Между Пархаром и Кулябом была теперь область восстания. Переправившись на пароме через Кызылсу, мы застали людей на противоположном берегу в волнении: только что там был конный отряд басмачей. Вдали по горной тропе поднималось несколько всадников с винтовками за плечами. От Куляба до железной дороги было еще 300 километров, но грузовики, на которых можно было добраться до Сталинабада, не ходили. Мы неделю прождали очереди на шестиместный “юнкере”. На кулябском летном поле оставили два больших ящика с книгами. Мы во второй раз бросали библиотеку, первую оставили в Приморско-Ахтарской.

Могучие хребты Памира уходили на восток, с южной стороны под нами проплыла Соляная сопка, вдали, в мареве, были видны какие-то тонкие полосы — Афганистан. От Сталинабада до Москвы было еще несколько тысяч километров.

За два года работы в отдаленных пограничных районах я имел право на курсы усовершенствования врачей в Боткинской больнице в Москве. Как бы обстановка ни сложилась, я мог поработать в хороших клиниках.

Москва

Скорый поезд шел шесть дней и шесть ночей. Когда мы прибыли на Казанский вокзал, вечерело, было облачно, моросил дождь. В Москве, столице Коминтерна, у нас не было ни знакомых, ни родственников9. В конце 1933 — начале 1934 года Москва резко делилась на два мира: народ, оборванный, измученный, стоящий в очередях за нищими пайками, — и мир верховной власти, ГПУ и интернационального сброда — кузницы мировой революции. Представители второго мира жили в Кремле, в центре города, в специальных отелях и лучших зданиях, ездили в автомобилях, ели досыта, пользовались закрытыми распределителями, поправляли драгоценное здоровье на дачах и курортах, не смешиваясь с плебсом.
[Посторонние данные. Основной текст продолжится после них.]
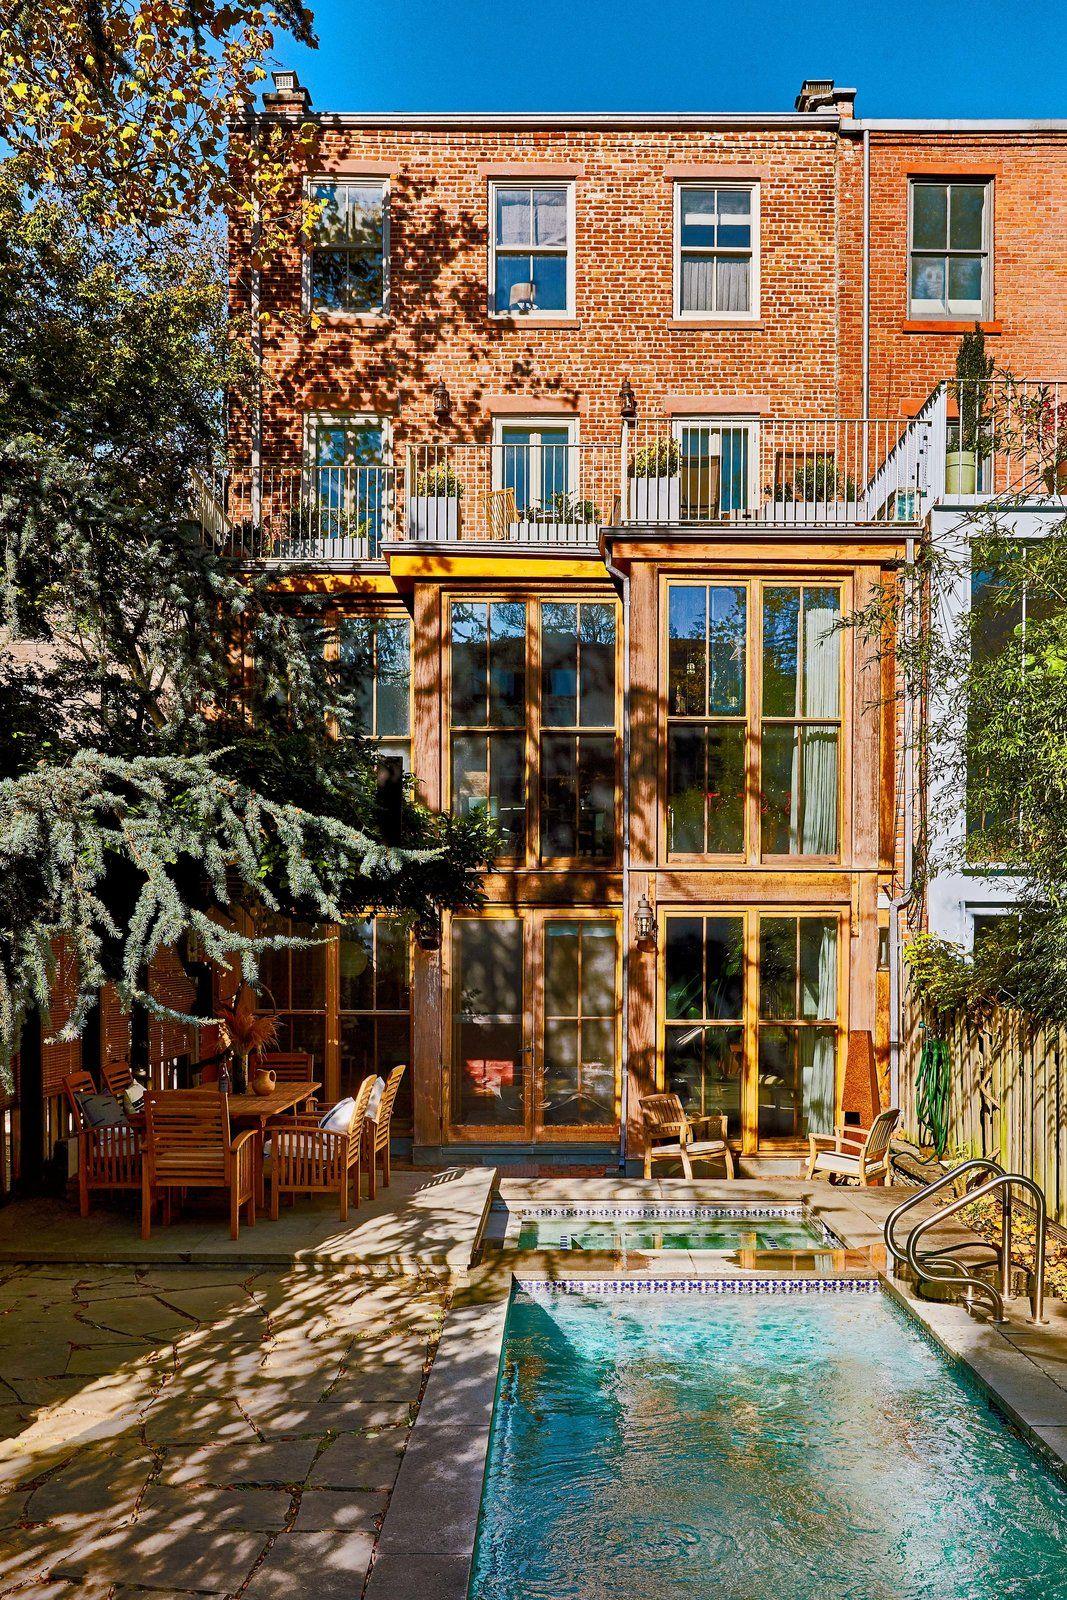 Norah Jones S Cobble Hill Home For Sale In 2020 Brooklyn House Townhouse Norah Jones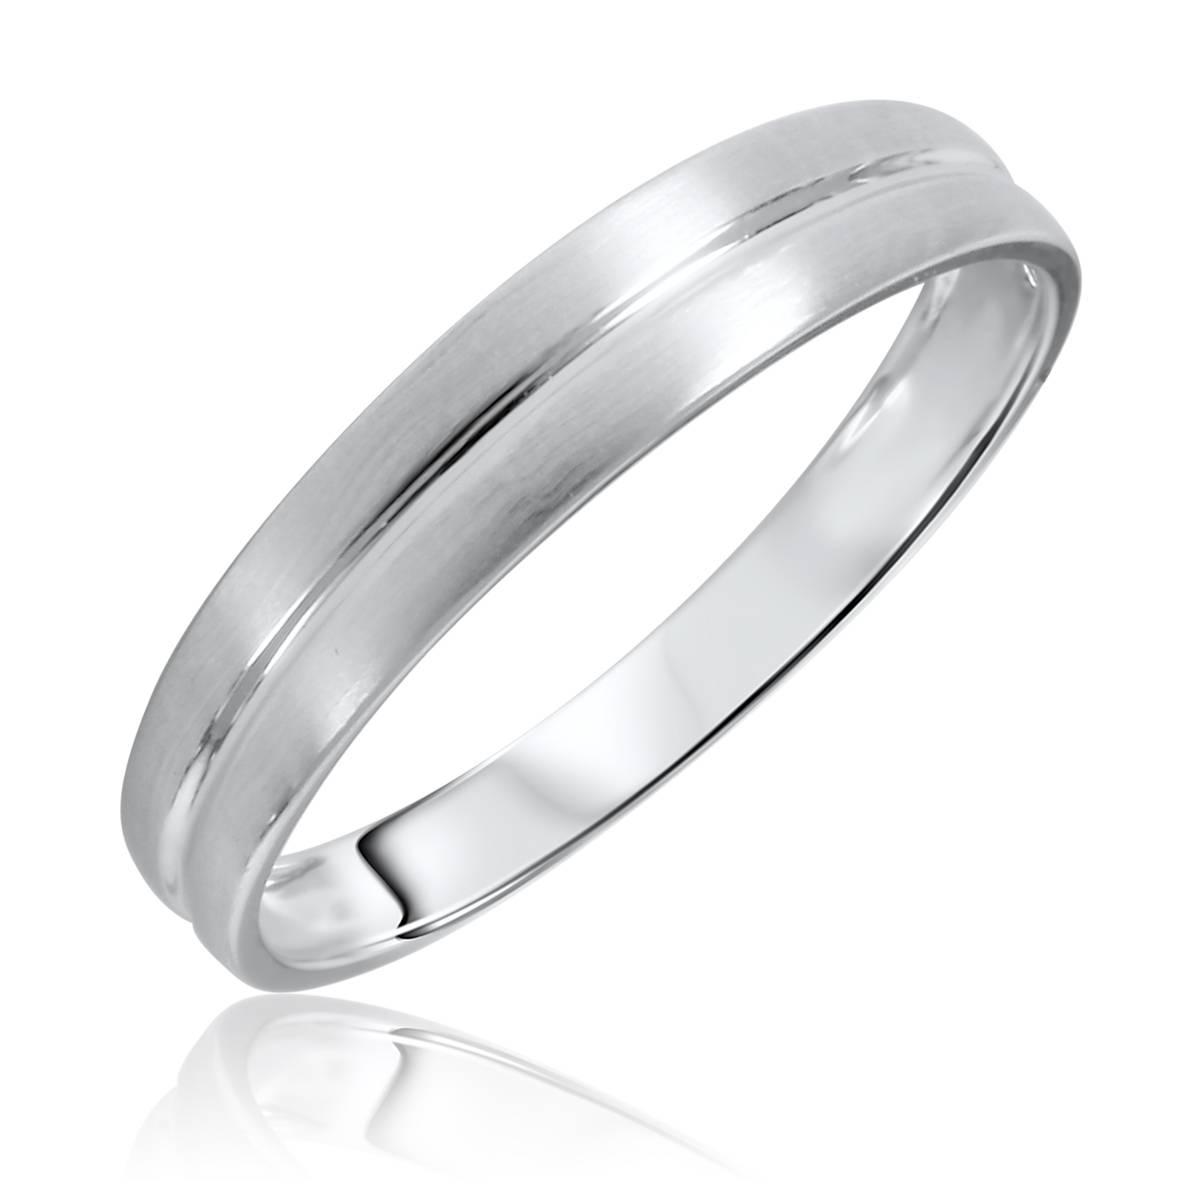 Wedding Rings : White Gold Wedding Ring Men Discount Wedding Rings Throughout White Gold Wedding Bands For Men (View 6 of 15)

Расстреливать и сажать в лагеря их стали позже. Народ же брал трамваи с бою, со многими случались припадки “травматического невроза трамвайного происхождения”, как его называли невропатологи. Езда в трамвае отнимала у меня больше двух часов в день и была довольно опасным предприятием. Бравшая приступом вагон толпа могла столкнуть под колеса, в давке могли обокрасть. В вагоне царило право кулака: чтобы выйти на остановке, нужно было пробивать дорогу сквозь живую стену. Если ты обругал оскорбившего тебя хулигана, тебя могли вместе с ним забрать в милицию. Если промолчал — перенесенное оскорбление мучило целый день. О таких пустяках, как вырванные с мясом пуговицы, даже и говорить не стоило.

У Москвы был вид грязноватого, давно не видавшего ремонта города. Пешеходы не отличались друг от друга: серые, исхудалые, озабоченные, спешившие с зажатыми в кулаке продуктовыми карточками. Смех, как и повсюду в СССР, был забыт.

В Институт усовершенствования врачей я опоздал и меня сначала не хотели принимать. Потом приняли на так называемое рабочее место в Боткинской больнице, когда-то построенной купцом Солдатенковым.

Жена с утра становилась в очередь за хлебом. На это уходил в среднем час. Если полученного по карточкам хлеба не хватало (сыну, как иждивенцу, хлебных карточек не полагалось), мы были вынуждены покупать его в коммерческих магазинах, где советская власть продавала продукты по завышенным ценам, мало доступным простому служащему или рабочему.

В очереди за мясом стояли три четверти часа. В деревнях мяса уже не было. За керосином были особенно длинные очереди: в СССР готовили в основном на примусах. Крупу в небольшом количестве мы получали дважды в месяц.

За мылом стояли дважды по три часа и ушли с пустыми руками. Наконец получили два куска на три месяца. На детскую карточку мыла вообще не полагалось. В магазине “Плодовощ” очереди были недолгие — максимум полчаса. Долго приходилось стоять за картофелем. За зиму 1932–1933 года чуть ли не половина картофеля сгнила, и служащие после работы в порядке общественной нагрузки перебирали его до позднего вечера. На следующий год снабжение картофелем стало получше. На очереди в среднем уходило до четырех часов в день.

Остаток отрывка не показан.